A new-order mining right was granted to South Deep in 2010, including the area known as Uncle Harry’s. During 2011, Newshelf 899 (Proprietary) Limited (Newshelf) was established, which holds a 100% interest in South Deep gold mine. Newshelf is a 90% subsidiary of GFI and the remaining 10% is held by outside shareholders as part of the Broad-based Black Economic Empowerment (BBBEE) transaction.

The mine converted from low-profile to high-profile mechanised destress in 2015. The corridor span was decreased from 240m to 180m resulting in an increase in the number of mining corridors from four to six.

South Deep presented the rebase plan to the market in February 2017, incorporating the work and recommendations of the Geotechnical Review Board (GRB), together with expert input from specialist consultants on the other key areas of the plan.

Key developments and material issues

South Deep experienced a landmark year during 2016, with improvements recorded in almost every aspect of the mine. Organisational capacity, mine design and planning, production output and mining quality have significantly improved. South Deep developed a rebased production plan, which includes improvements in the full mining value chain together with higher confidence scheduling parameters. The plan reflects improved overall confidence in terms of mine design, scheduling and operational execution and is supported by realistic and risk-adjusted inputs that have been peer reviewed by external consultants and experts. These improvements lay the foundation for a robust production ramp-up phase and solid ~ten-year plan that focuses on maximising delivery from the ore body in the Current Mine and NoW areas, before establishment of SoW.
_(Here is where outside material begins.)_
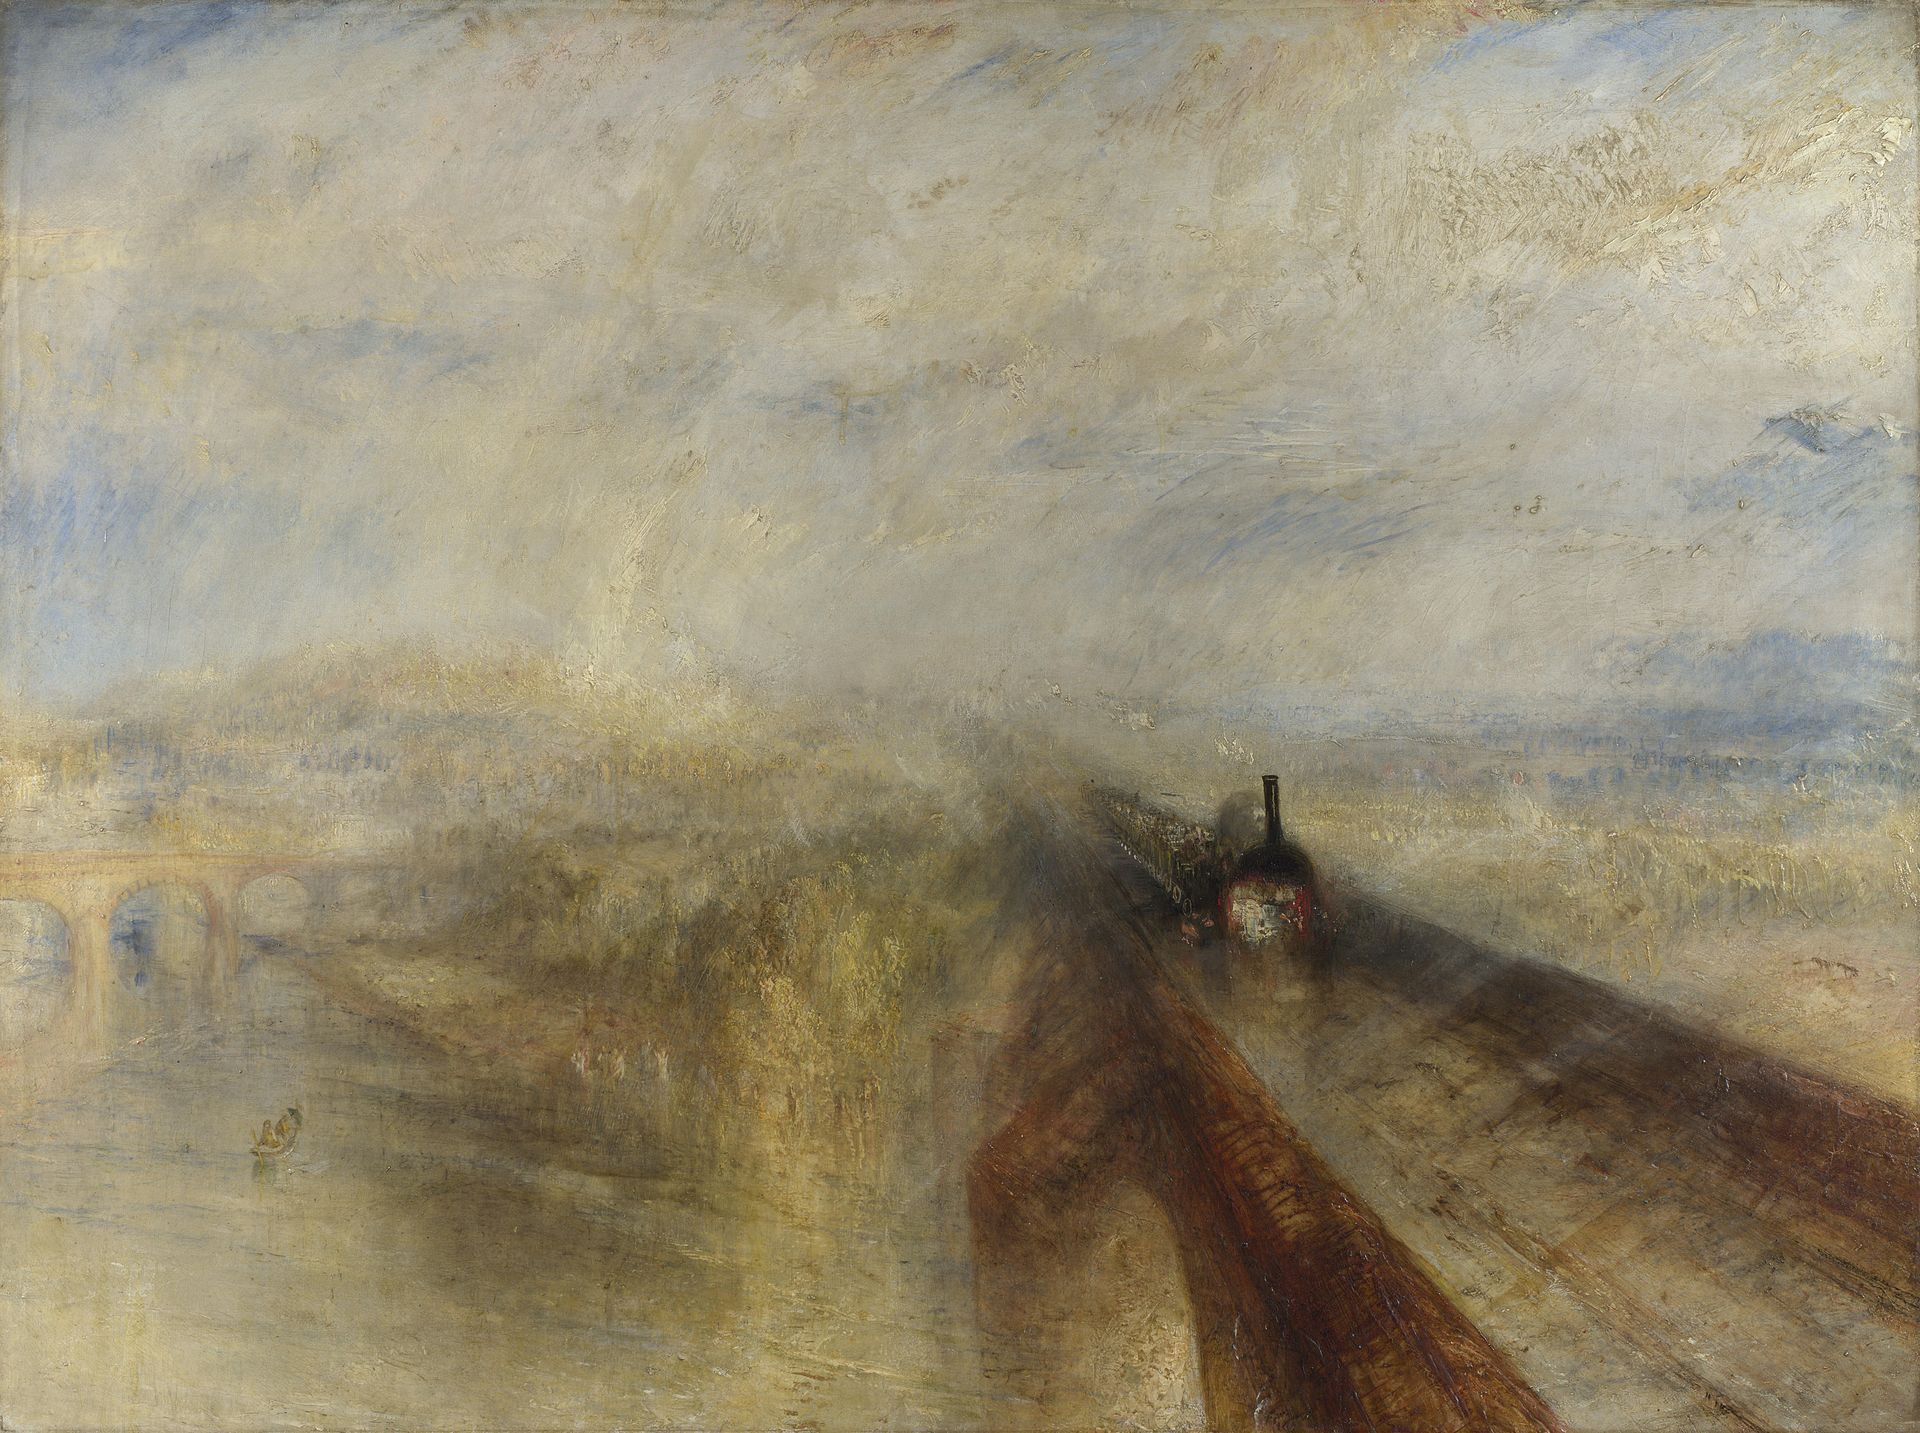 مطر وبخار وسرعة - السكك الحديدية الغربية الكبرى by Joseph Mallord William Turner - 1844 - 91 x 121.8 سم

The capacity and skills to drive continuous business improvement have been embedded at the mine, in conjunction with the necessary management capability, so that the productivity, efficiency and quality drivers needed to realise the ramp-up and steady state production are delivered.

South Deep has a similar risk profile to other deep level operations; however, due to its ore body geometry, its mining methods are unique. As future lessons are learned, it is expected the mining methods will require ongoing optimisation and refinement to ensure that full site potential is achieved. The high-profile destress method was successfully implemented during 2016, with all destress activities conducted utilising this method by quarter three 2016. Further enhancements were also made to this mining method driven by upgraded geotechnical and production efficiency parameters. The revised design includes:

  • Twin access to each of the destress cuts, elimination of trucks in the stoping horizon with improved ore-flow design, engineering infrastructure and ventilation flow
  • Larger yielding pillars (rib pillars) in the destress area and reduced corridor spans resulted in a ‘stiffer’ support system that reduces convergence and therefore reduces the seismic risk
  • The rib pillar design has reduced the requirement for backfill during the destressing phase
  • The long-hole stoping sequence will be changed from a primary-secondary extraction strategy to a sequential method to further improve the geotechnical stability and maximise extraction

The mine continued to refurbish and build on its infrastructure platform, including the shaft, ore-handling facilities, backfill, ventilation and refrigeration infrastructure. Significant investment was made in skills development with core training programmes for engineering and mining personnel. In addition, outsourced equipment maintenance was implemented to improve fleet maintenance capacity, while also transferring higher technical skills to the organisation.

Over the past two years energy release rates have reduced, as a result of the improvements made in yield pillar design and the geometry of the destress mining front. The seismicity associated with the advance of the destress cuts is comparable with other deep level mines.